Jeff, Hyperliquid co-founder, highlighted the transparency gap between centralized and decentralized platforms. "Every Hyperliquid transaction occurs on-chain," he noted, contrasting this with alleged underreporting of liquidations by some CEXs. The debate comes as Hyperliquid prepares to launch its HIP-3 upgrade, enabling permissionless futures DEX creation.

UK Investment Giant Hargreaves Lansdown Warns Clients Against Bitcoin Investment

Hargreaves Lansdown, the UK's largest retail investment platform overseeing $225 billion in assets, has issued a stark warning to clients about Bitcoin. The firm categorically dismissed the cryptocurrency as lacking intrinsic value, urging investors to exclude it from long-term savings or retirement portfolios.

While acknowledging Bitcoin's historical returns, HL emphasized its extreme volatility and incompatibility with traditional asset classes. "Performance assumptions for cryptocurrency are challenging to analyze," the statement noted, aligning with recent skepticism from Deutsche Bank and Elliott Management.

The warning follows Bitcoin's recent plunge to $102,000, reigniting debates about crypto's role in institutional portfolios. HL maintains that digital assets fail to meet criteria for growth or income strategies, marking a significant institutional challenge to cryptocurrency legitimacy.
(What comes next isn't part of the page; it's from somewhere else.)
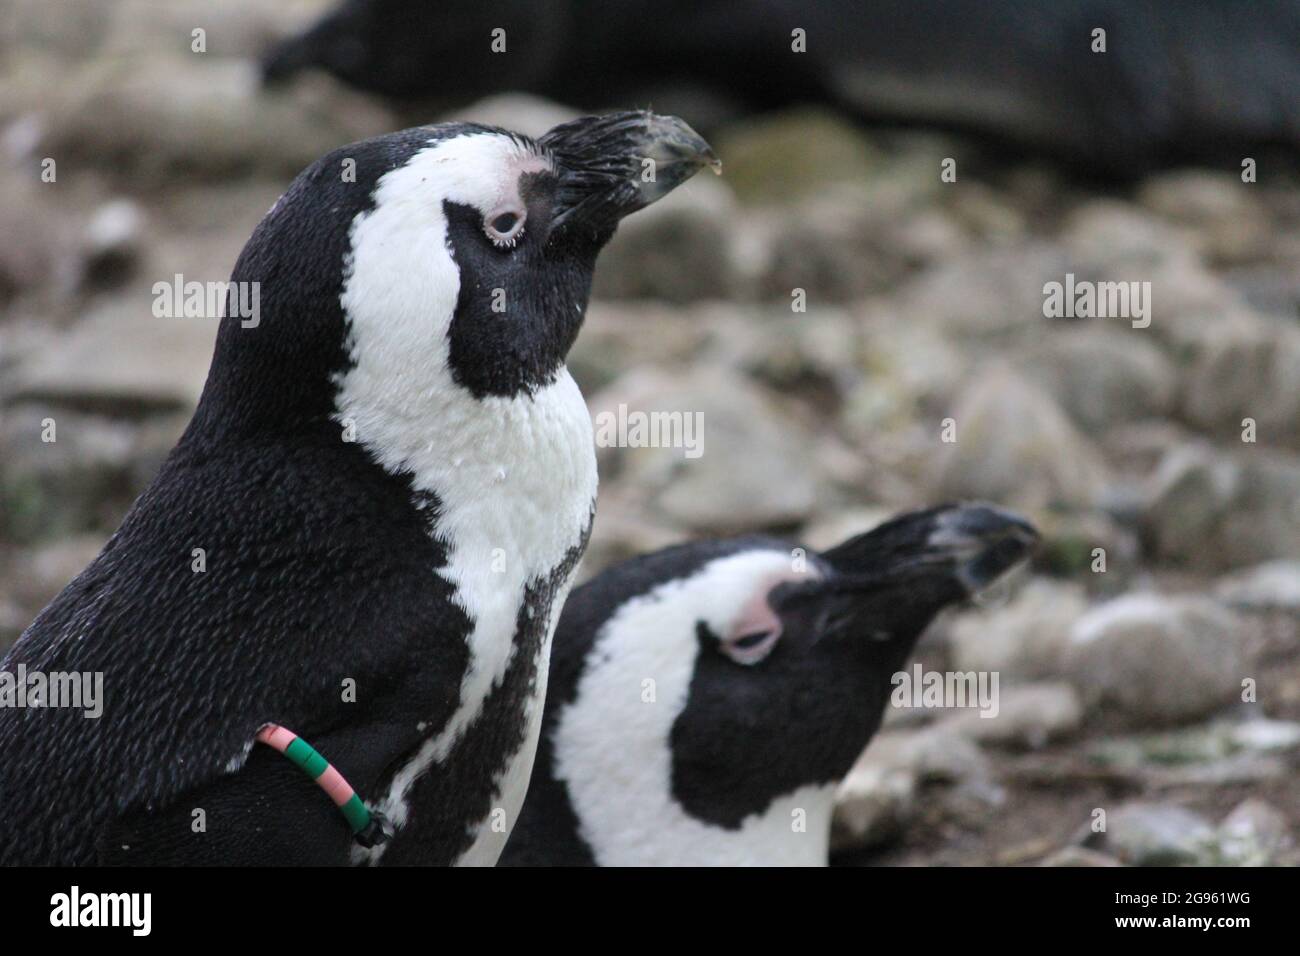 African penguin in Overloon zoo in the Netherlands Stock Photo

$19 Billion Crypto Liquidation Sparks Debate Over Exchange Transparency

The cryptocurrency market experienced its largest liquidation event on record last Friday, with over $19 billion in Leveraged positions wiped out and more than 1.6 million traders liquidated in a single day. The collapse was triggered by former President Trump's announcement of 100% tariffs on Chinese goods, leading to a rapid sell-off and a $20,000 swing in Bitcoin's price. The event erased approximately $380 billion in market capitalization.

The liquidation reignited the debate between centralized exchanges (CEXs) and decentralized finance (DeFi) platforms over transparency. Jeff, co-founder of on-chain exchange Hyperliquid, emphasized that every transaction on their platform is publicly verifiable on-chain, contrasting with CEXs which he accused of underreporting liquidations by up to 100 times. Hyperliquid's upcoming HIP-3 upgrade aims to enable fully decentralized futures trading.

Backpack Exchange founder Armani Ferrante pointed out the flaws in deep market liquidity, which vanished during the crash. He praised Hyperliquid's decentralized solvency mechanisms and suggested adding circuit breakers to mitigate volatility. Meanwhile, Ethena's USDe stablecoin faced scrutiny after a Binance glitch, though it was clarified that the issue stemmed from oracle and API failures rather than a depegging event.